Data excerpt:
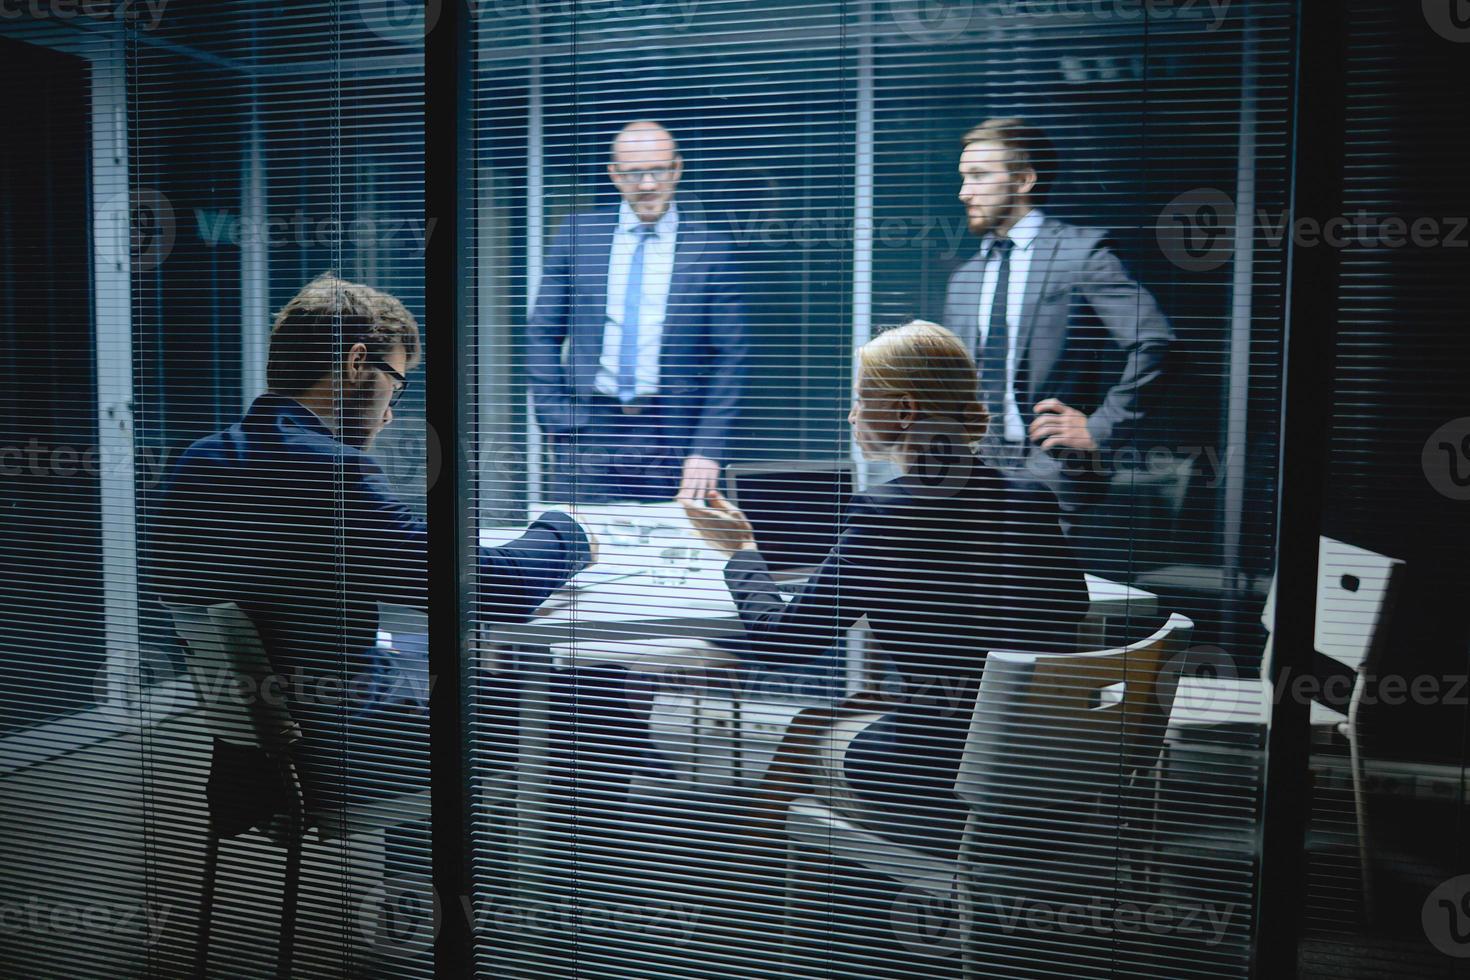 riunione dei dirigenti foto
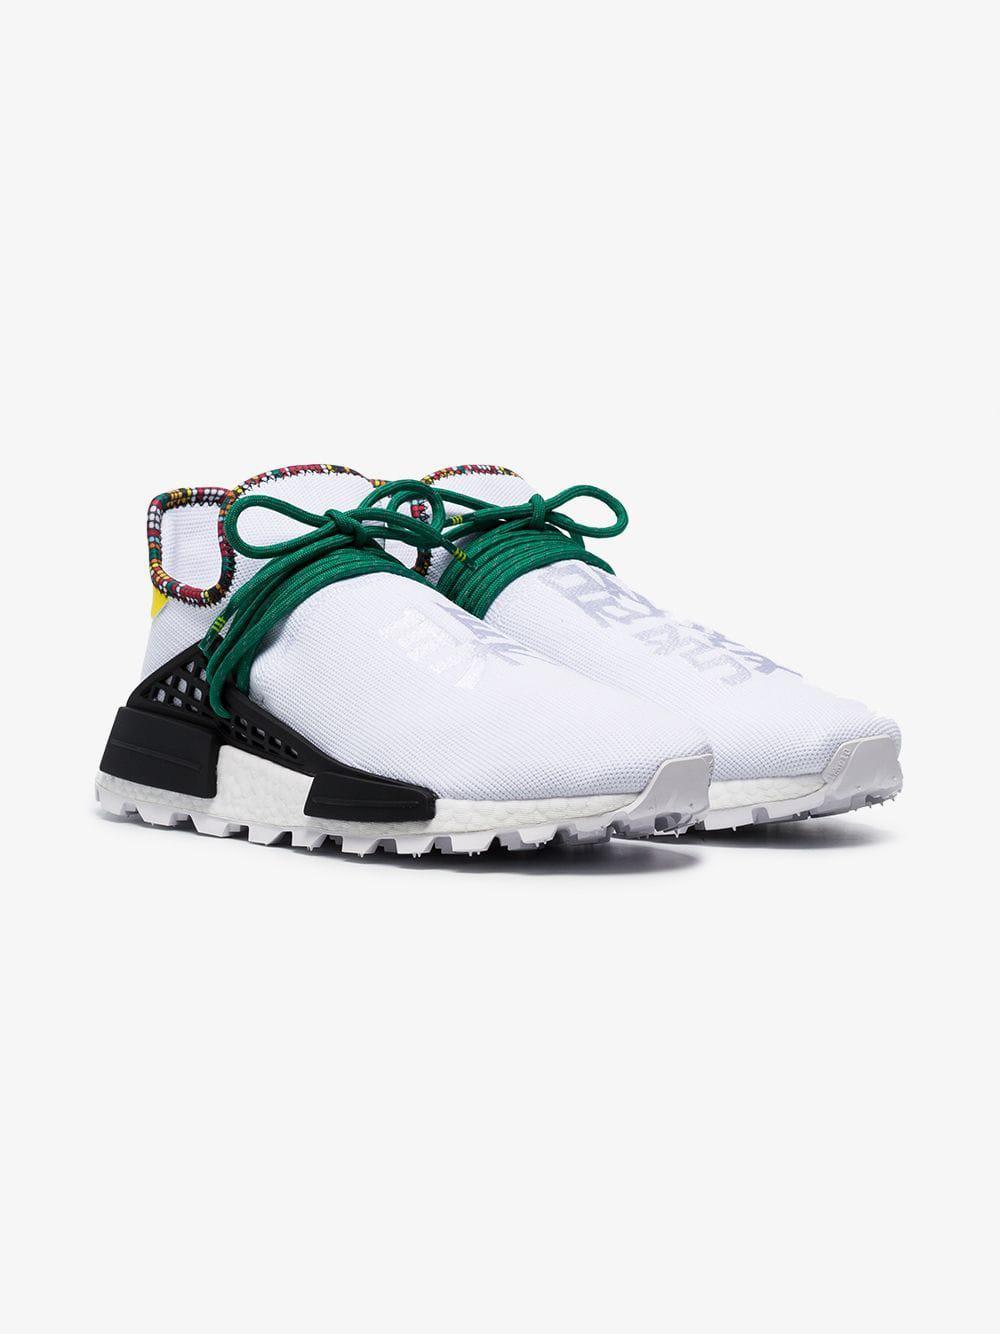 7994c7f81b6aa Lyst - adidas By Pharrell Williams X Pharrell Williams White Human ...
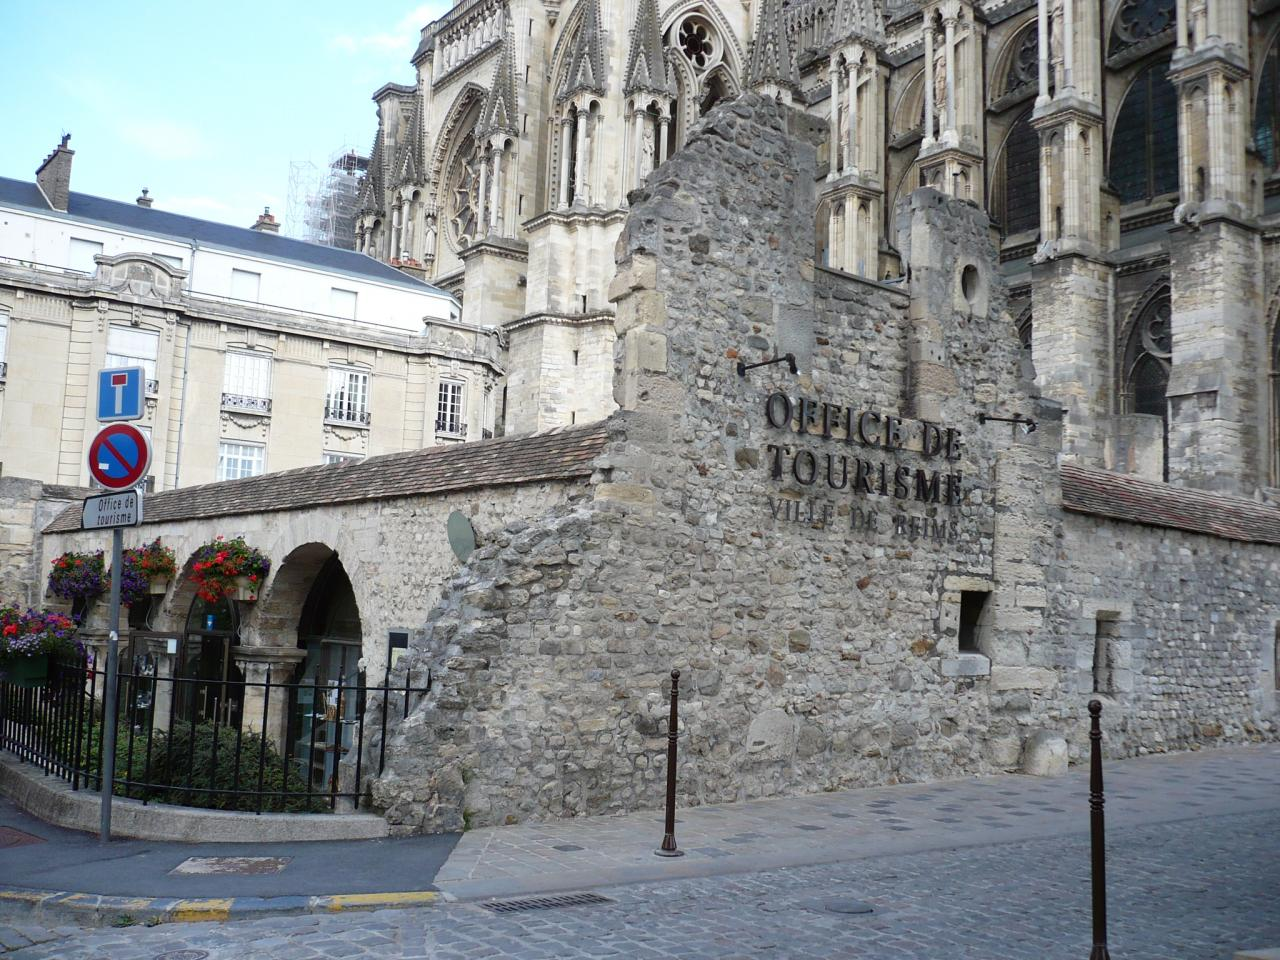 Reims - Office du tourisme toronto ...

What this task involves: Extract the run of lines beginning with the line that holds "7994c7f81b6aa Lyst - adidas" and ending at the last line of the data, inclusive. Exclude any pictures from the copy.

Solution for this problem:
 7994c7f81b6aa Lyst - adidas By Pharrell Williams X Pharrell Williams White Human ...
 Reims - Office du tourisme toronto ...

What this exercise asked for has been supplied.